The white bell bloomed only once.

Eliah carried it in his palm like a fallen star—its glow gentle, pulsing faintly with each heartbeat. He did not know what it meant, only that it had come after her name returned. After her voice sang from the edge of forgetting.

He could no longer see Amara's face clearly when he closed his eyes—but he could feel her.

She was stitched into the silence. Into the pauses between breaths.

Marell waited for him when he returned to the forest glade. She did not ask what he had seen, only reached out and closed his fingers gently around the bell.

"Keep it safe," she whispered. "Sometimes memory is more powerful when it's fragile."

Eliah nodded.

He walked for days after that. Through hollow-rooted hills, across streams that shimmered with unseen currents. Every path felt like it was stitched with pieces of her—fallen ribbon in a bush, the faint shape of a handprint in the dew.

And then, one night, he returned to the place he feared most: the Firelight Tree.

It had been their sanctuary once.

Now it felt like a wound.

The tree stood tall, as always, bark aglow with veins of orange light. Beneath it lay an old circle of stones where they'd sat and told truths they didn't know were lies.

Eliah knelt there.

He took the white bell and placed it gently in the center of the stone ring.

The air changed.

The tree's glow pulsed once, and from the branches fell a single crimson leaf. It landed in his lap.

When he touched it, his vision spun—and suddenly, he was there again.

---

They were younger.

Laughing.

She had just pricked her finger on a briar, and instead of flinching, Amara laughed.

"I always choose the flowers with the sharpest thorns," she said, holding up her hand.

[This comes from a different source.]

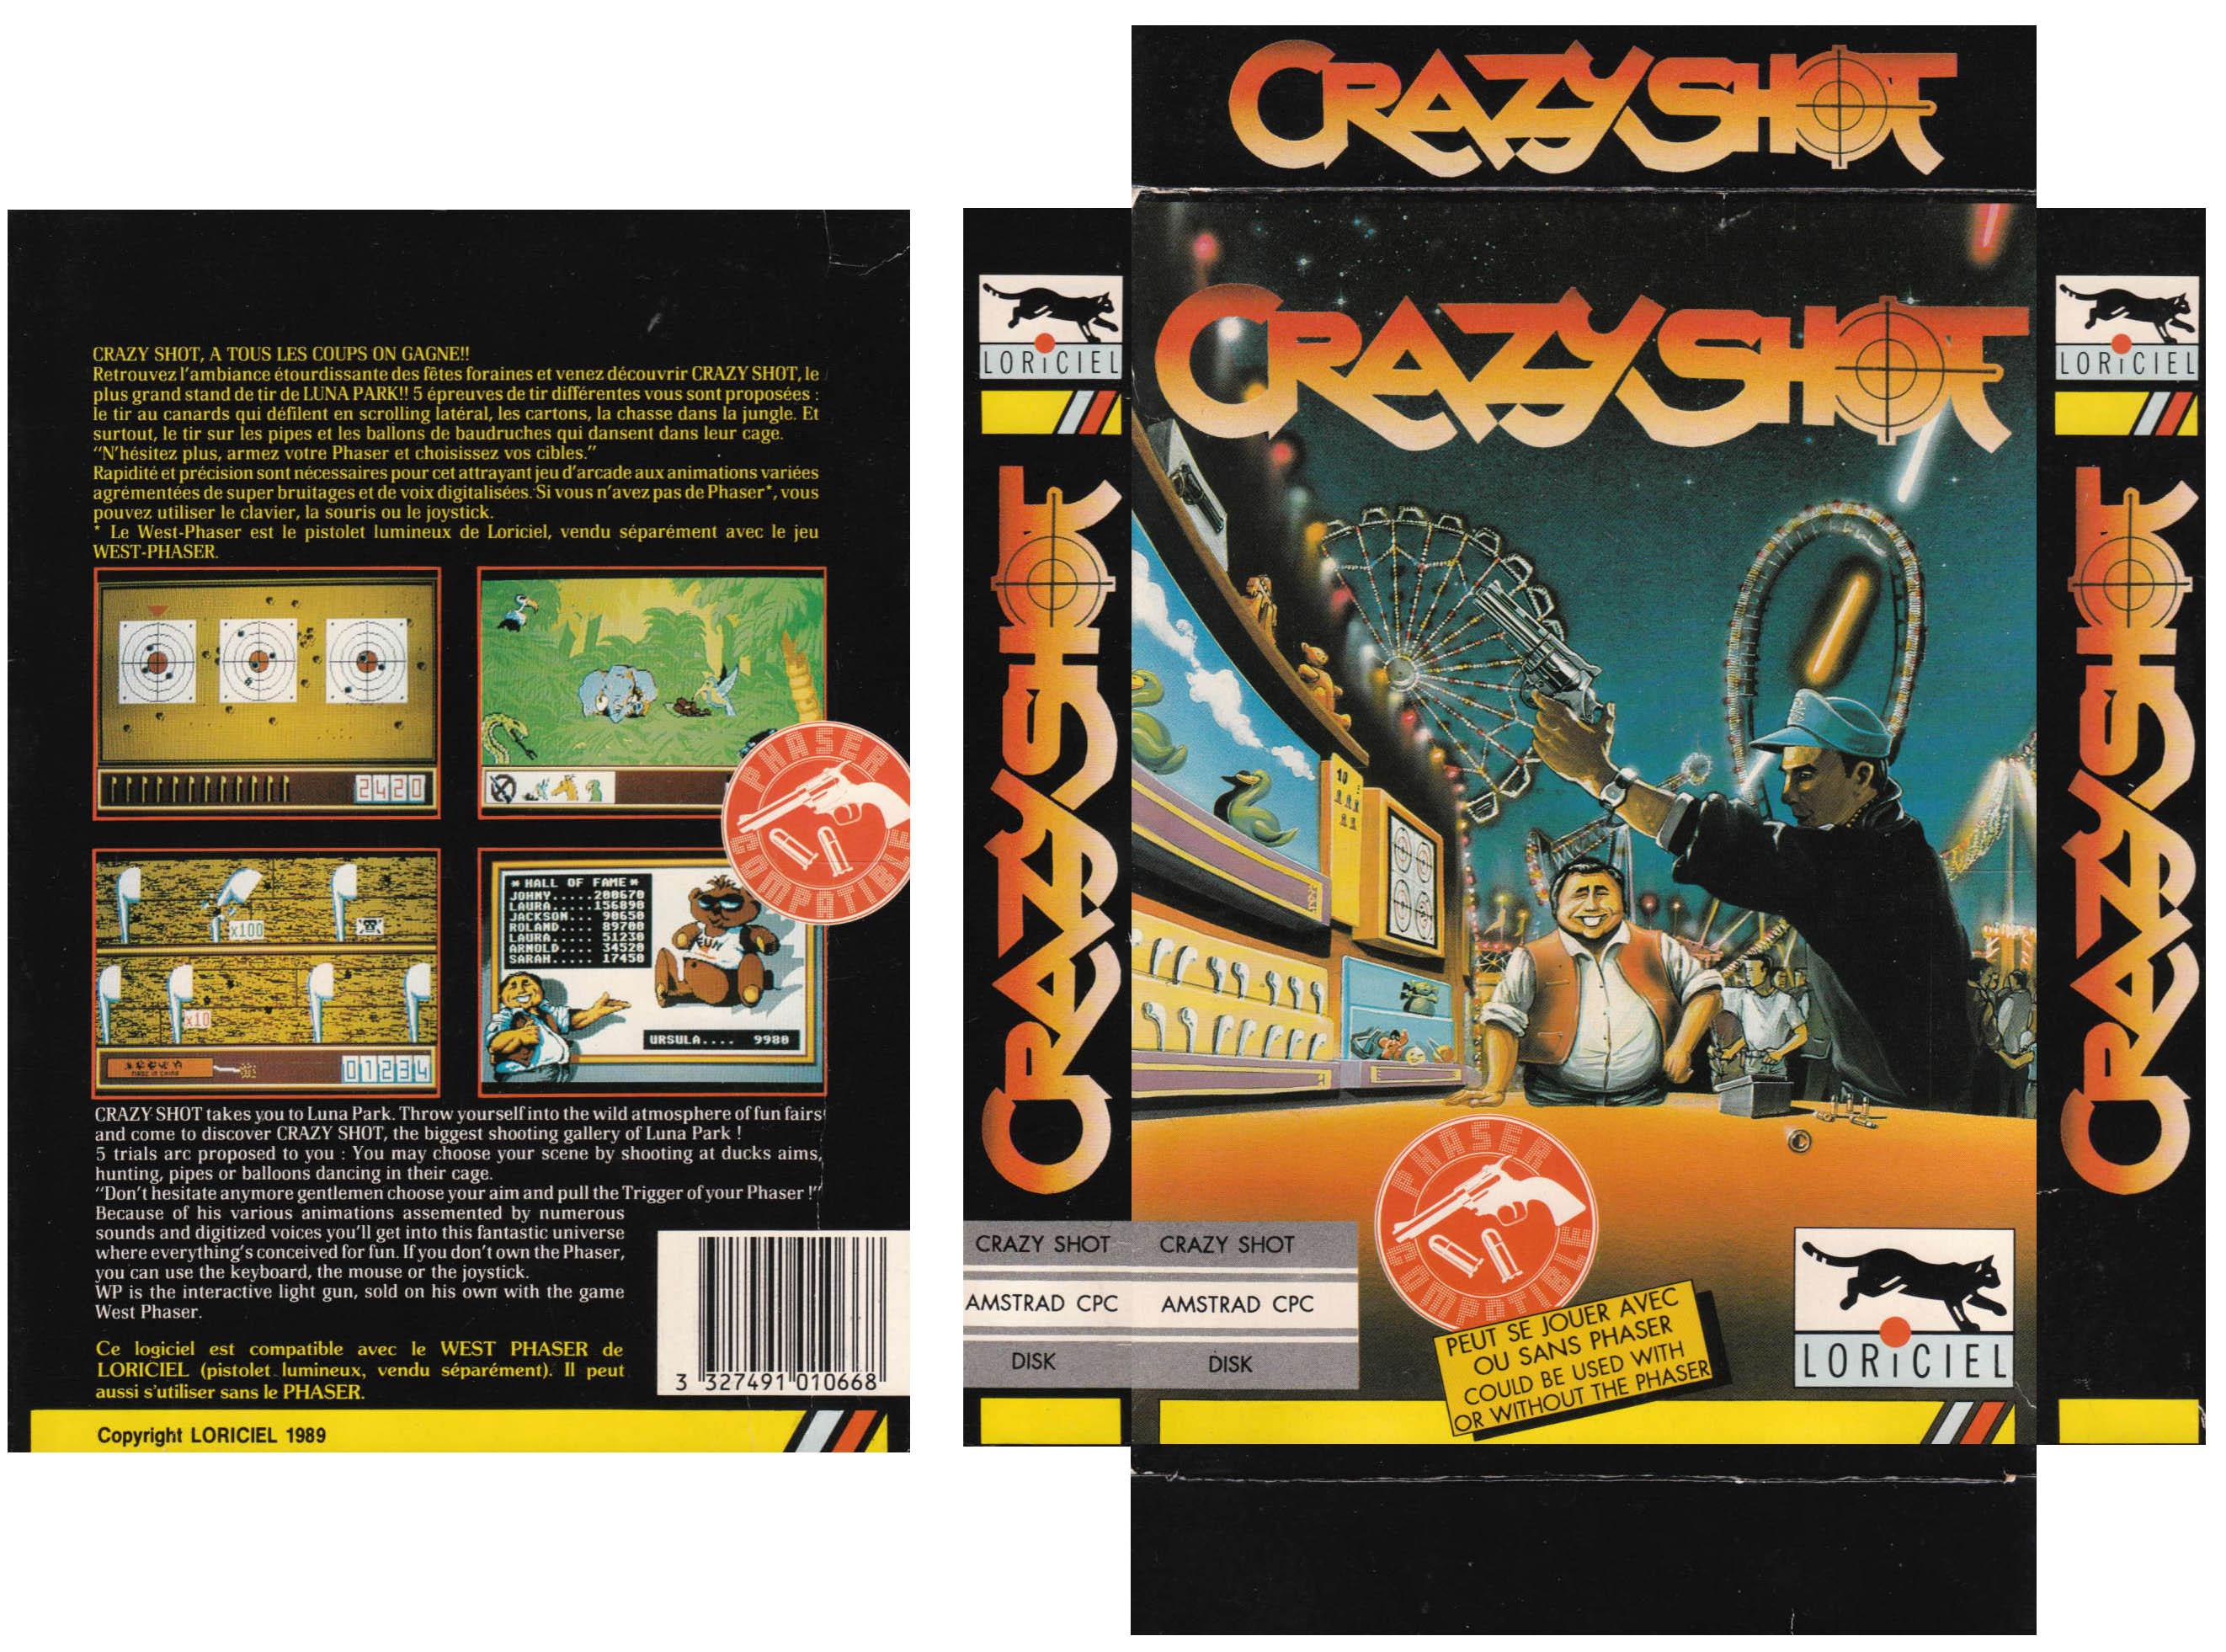 Jeu video Crazy Shot sur Amstrad-CPC - 3 - images, jaquette, scans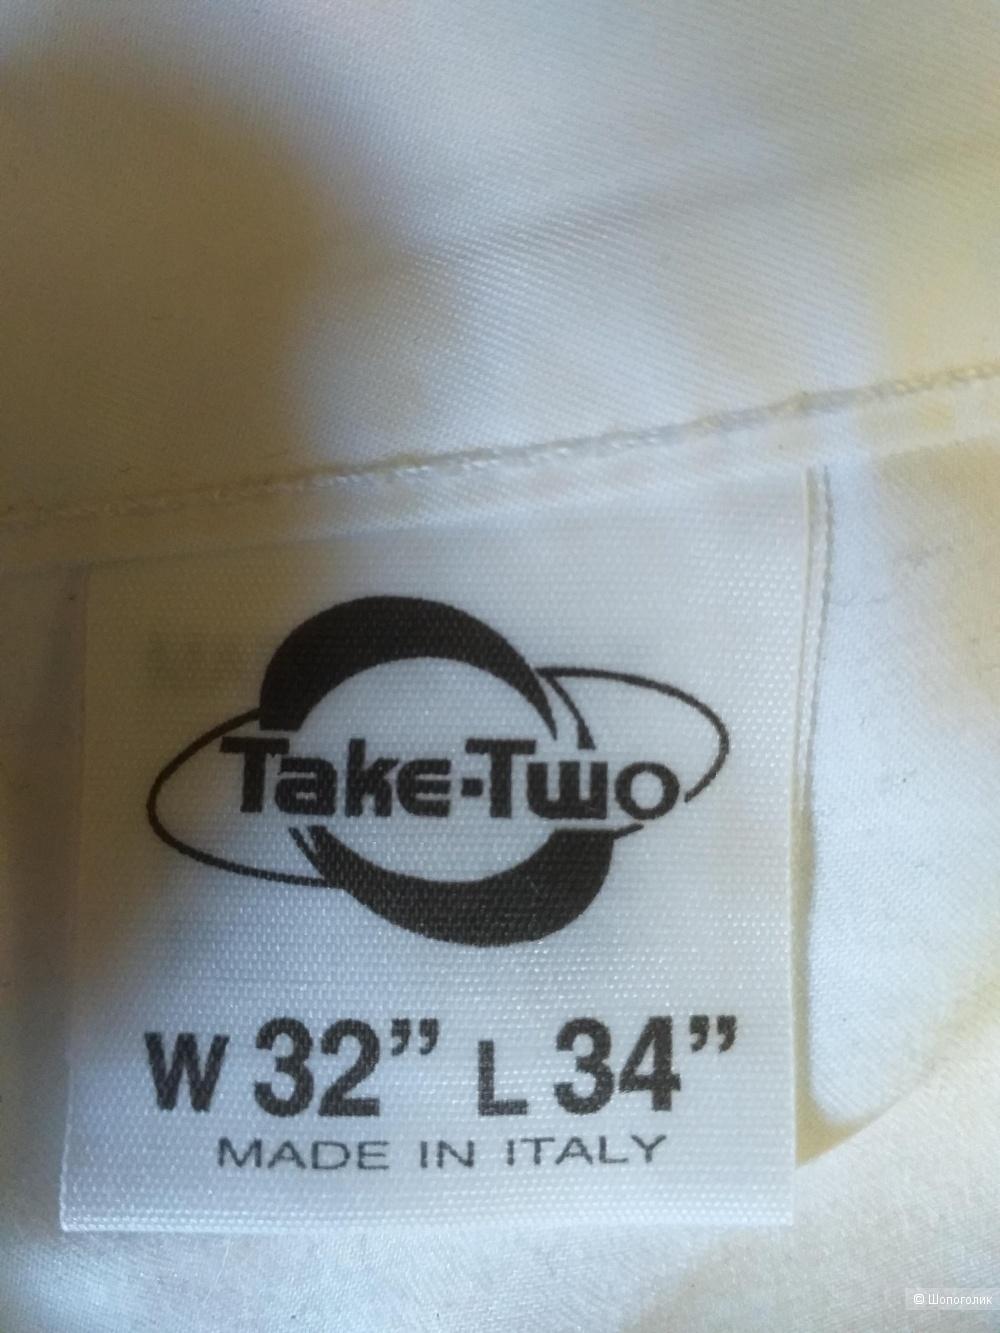 Брюки Take Two, L32 W34

Blood shimmered on her fingertip.

"Why?" he asked.

She smiled, sitting beside him, that mysterious look in her silver eyes. "Because they remind me that even beauty can wound."

He took her hand, gently dabbing her finger with the edge of his sleeve.

"I'd rather you be careful."

"I'd rather feel everything," she said.

Her voice was soft but fierce.

"I don't want to grow up into someone who forgets how to bleed."

He remembered that moment now like it was stitched into his bones. That fire in her. That quiet defiance.

Back in the present, Eliah opened his hand.

The leaf had turned silver.

---

That night, as he slept beneath the Firelight Tree, the forest dreamt with him.

In his dream, Amara stood barefoot in a field of roses—each with thorns sharp enough to slice the moonlight. She held one in her palm, bleeding from the stem, but smiling.

"Do you still remember?" she asked.

He stepped toward her. "Every part of you."

She held out the flower. "Then take this. Even if it hurts."

He did.

And when he woke, the rose lay beside him.

Real.

Sharp.

Alive.

---

The next morning, the forest shifted.

Paths once hidden opened. Trees whispered names. Magic no longer shied away from him. It was as if by accepting the pain—by accepting her—the woods had begun to return what they had taken.

He returned to Marell one last time, the rose in hand, its thorns pressing into his skin.

"I don't want to forget again," he told her.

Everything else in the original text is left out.